If the confidence intervals for two treatments are barely overlapping, this means that the two treatments have different conversion rates. But, if there is a lot of overlap between the confidence intervals for two treatments, then it is more likely that the two treatments have the same conversion rate.
Adobe uses 95% Anytime Valid Confidence Intervals, or Confidence Sequences, which means the results can be safely viewed at any time during the experiment.
The Experiment report summary shows the Lift over Baseline, which is a measure of the percentage improvement in conversion rate of a given treatment over the baseline. Defined precisely, it is the difference in performance between a given treatment and the baseline, divided by the performance of the baseline, expressed as a percentage.
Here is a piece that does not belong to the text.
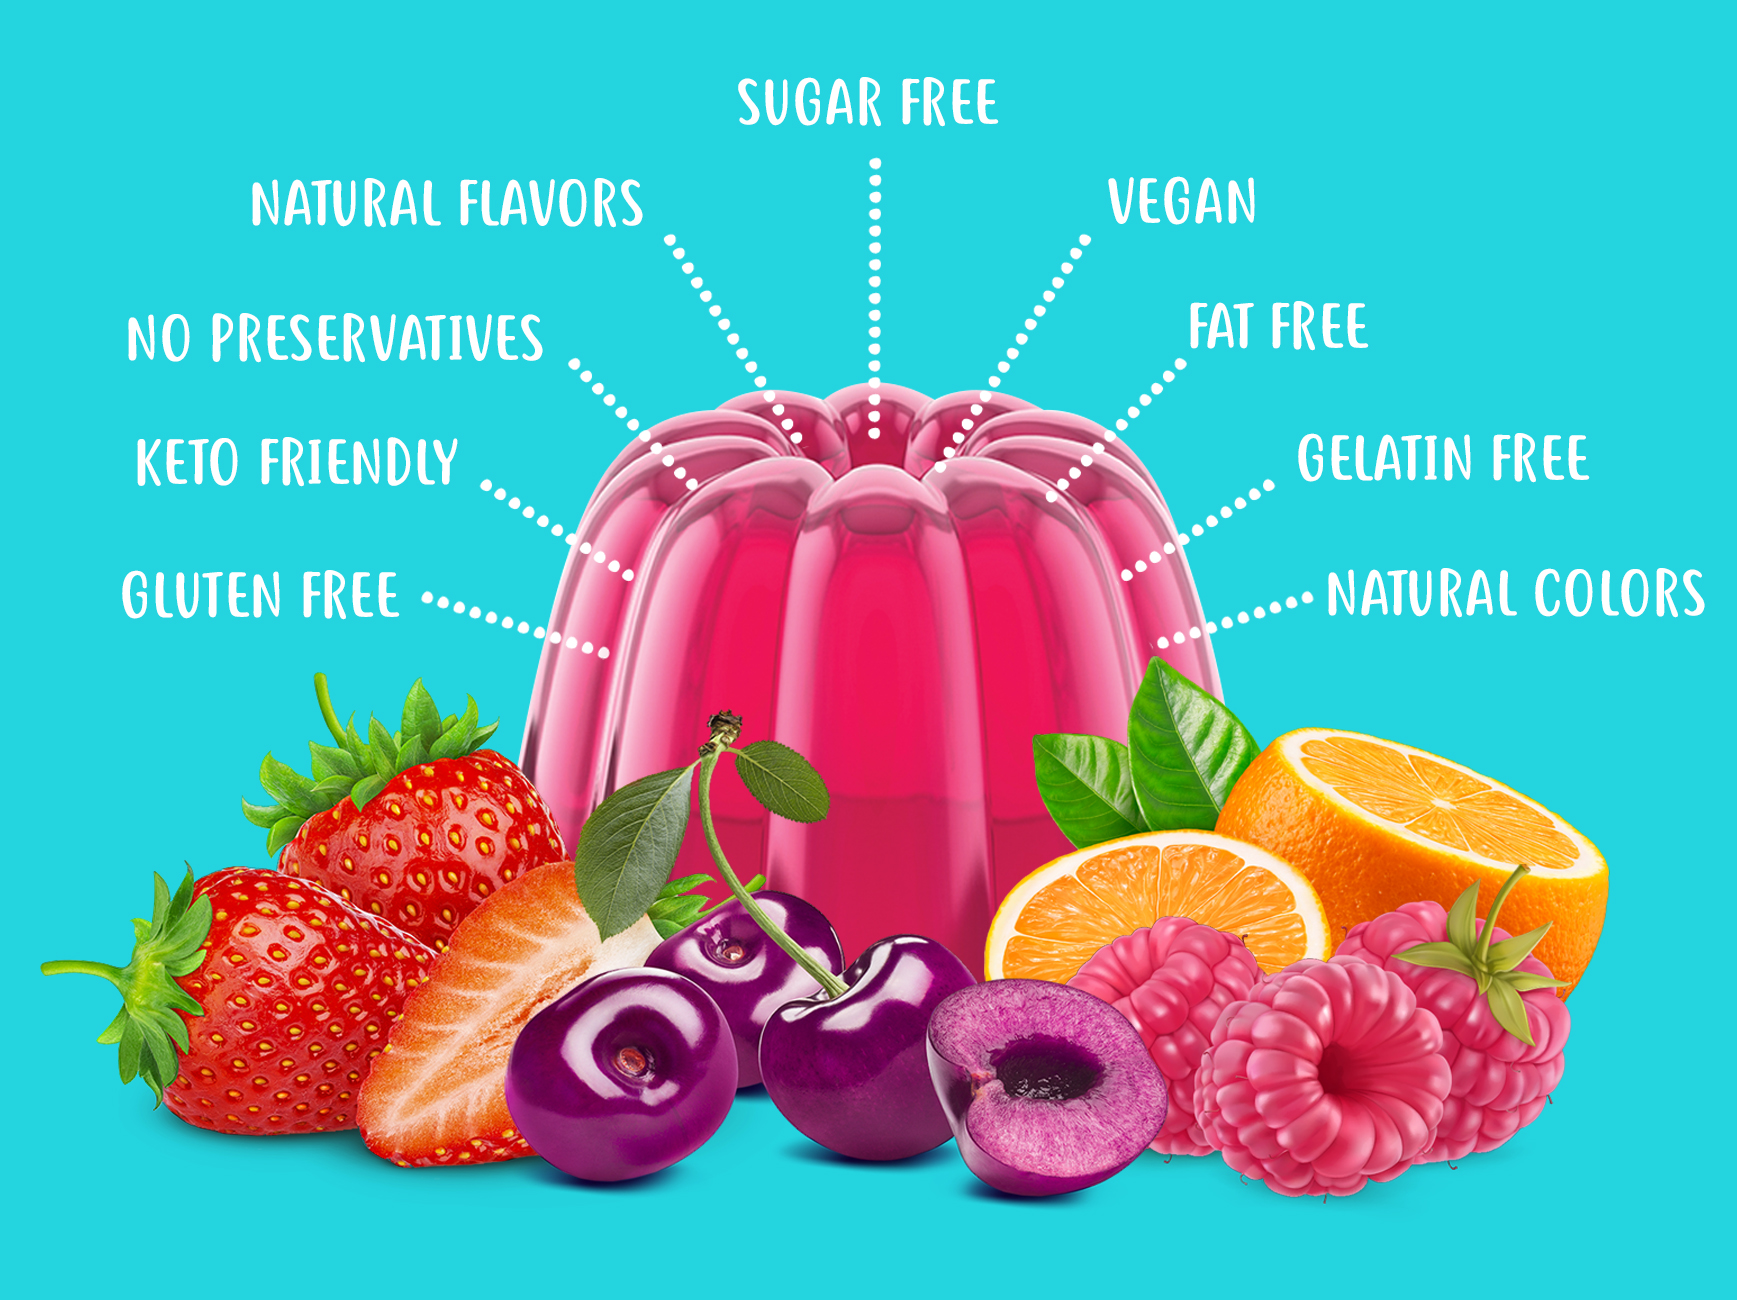 Gluten Free, Keto Friendly, No Preservatives, Natural Flavors, Natural Colors, Sugar Free, Vegan, Fat Free, Gelatin Free

While you should primarily focus on the Confidence interval for the performance of each treatment, Adobe also shows the Confidence, which is a probabilistic measure of how much evidence there is that a given treatment is the same as the baseline treatment. A higher confidence indicates less evidence for the assumption that baseline and non-baseline treatments have equal performance. More precisely, the confidence that is displayed is a probability (expressed as a percentage) that we would have observed a smaller difference in conversion rates between a given treatment and the baseline, if in reality there is no difference in the true underlying conversion rates. In terms of p-values, the confidence displayed is 1 - p-value.
Adobe uses “Anytime Valid” Confidence, and “Anytime Valid” p-values that are consistent with the Confidence Sequences described above.
When running Experiments, a result is deemed statistically significant if it was very unlikely to have been observed given a null hypothesis that a given treatment and the baseline have identical true underlying conversion rates/performance.
Adobe declares an Experiment to be conclusive when the Confidence is above 95%.
After running your Experiment, there are several possible follow up actions:
Deploy winning ideas
With an unambiguous result, you can deploy this winning idea, either by pushing the best performing treatment to all your customers, or by creating new campaigns where the structure of the best performing treatment is replicated.
Note that in a dynamic environment, what works well at one time, may not work well later on.
Run follow-up tests
Sometimes the results of your experiments may be inconclusive, either because there were not enough profiles included to detect any difference in treatments, or because the treatments you defined were not sufficiently different.
If the hypothesis you were testing is still relevant, running a follow-up test on a larger or different audience, or modifying your treatments so that there are clearer differences may be the best follow up action.
Do deeper dive analyses
The treatment that works well for one audience may sometimes not be the best treatment for another audience. Doing deeper analyses on how treatments behaved for different audiences help generate ideas for new tests.
Similarly, studying the performance of each treatment with different metrics may also give a more comprehensive view of your Experiments.
More analyses mean a higher chance of detecting a spurious effect, or false positive.